I give the glasses back to Misrok, and we make our way to Whole Foods, this time with the help of Ashley in Sacramento. The store is only half a block away, yet so many things could go wrong. At one point, we stand in the middle of a bike lane. We then have to cross Second Avenue and its six lanes of traffic. I’m relieved when we finally get to the store.

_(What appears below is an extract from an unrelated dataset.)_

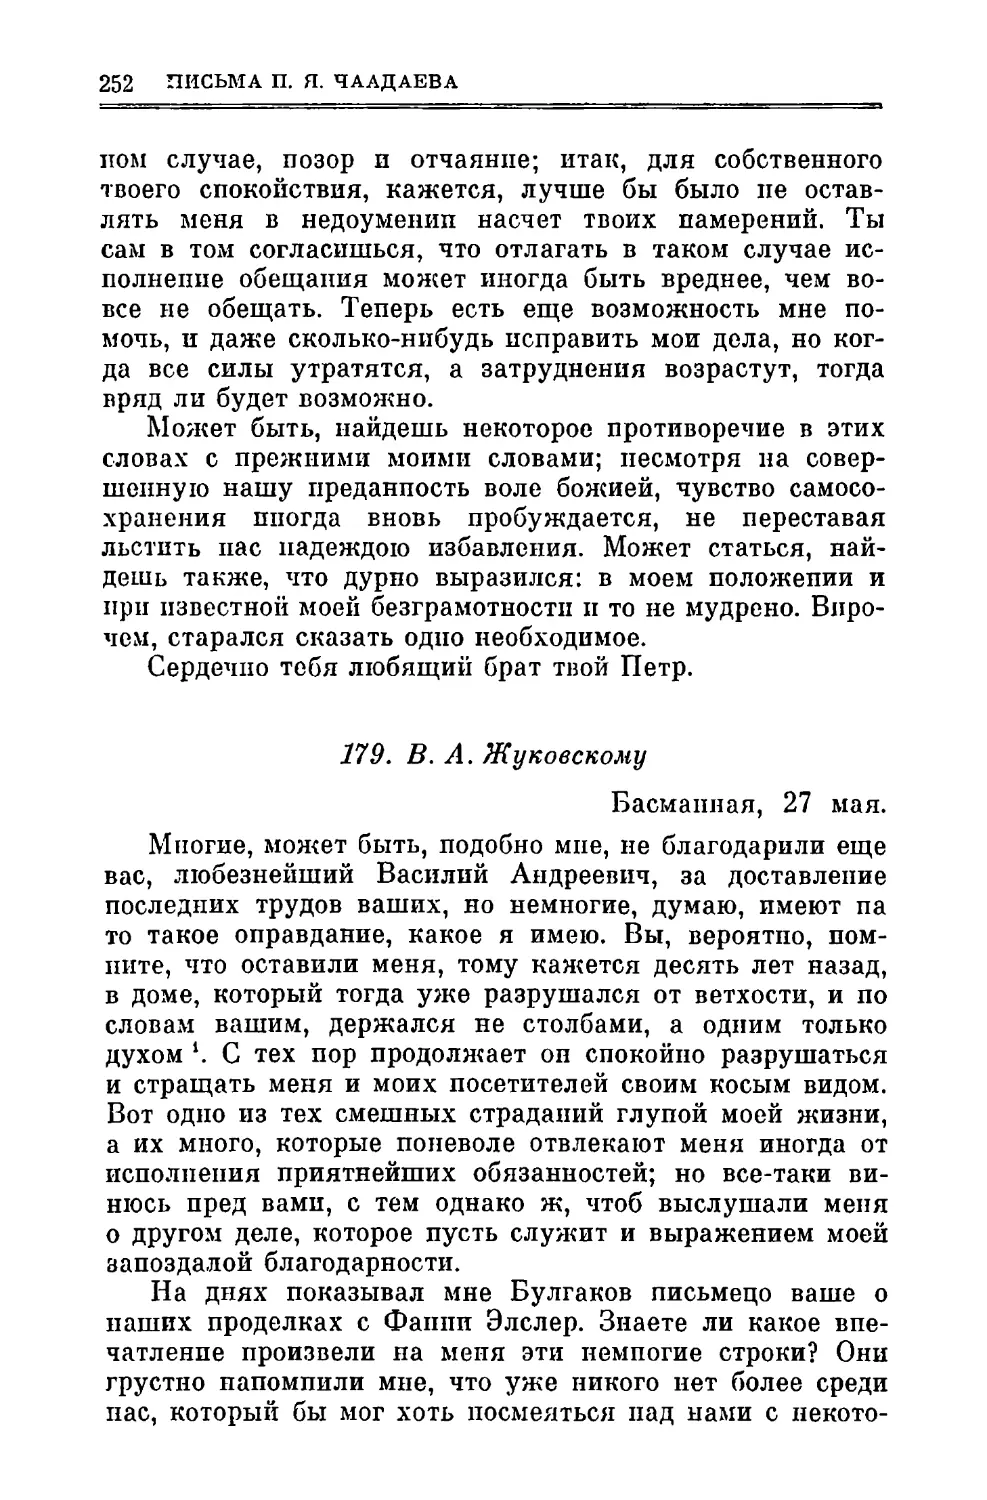 179. Жуковскому В.A. 27.V

WHAT MAKES THE AIRA GLASSES SO SMART?

  • 1.85 oz.

  • Camera located at center of bridge

  • 120-degree field of view

  • 5 MP resolution

  • 8 hours of battery life w/continuous video streaming with agent

  • 8 GB memory

  • 512 MB RAM

  • 4G LTE

  • 802.11a/b/g/n/ac wi-Fi connectivity

  • v4.0 LE bluetooth

  • $124 per month for Horizon Kit (smart glasses, phone, charger) and 120 minutes of service

Photo credit: Demetrius Freeman
Photo credit: Demetrius Freeman

Back at Misrok’s apartment, I try out the glasses again—this time with my eyes closed. Despite the helper’s assistance, I quickly get tangled in a corner of the living room. Holding Misrok’s long cane, I tap the walls in the corner and bounce it between a shelf and a chair like a Pong cursor. Frustrated, I open my eyes to free myself from the corner and then close them again to move into the next room before taking the glasses off. “I cheated a couple of times,” I admit to Misrok. “I opened my eyes.”

Misrok laughs: “I wish I could cheat.”

A few months later, I meet Misrok at his law office on Long Island. He’s been experimenting with the Be My Eyes app when Aira’s connection isn’t working, like on a recent walk near his home in the Berkshires where the signal was too spotty to get Aira. Or like now, in his office. He calls up Be My Eyes and gets Jennie from Georgia. He holds the phone up to his law library and asks her if she can read the titles on the binders of the books. She says she can’t, that they’re too blurry. I then hold the camera closer to the books and at just the right angle—because I can see what that angle should be—and Jennie begins to reel off the titles.

Photo credit: Demetrius Freeman
Photo credit: Demetrius Freeman

As I leave to catch a train, the secretaries in Misrok’s office have just brought back food for their lunch and are sitting down at the conference table to eat.

“Larry, we got you a salad,” says the assistant who has worked there the longest. Misrok walks into the conference room and uses the aids to which he’s most accustomed: the kindness of those who love him.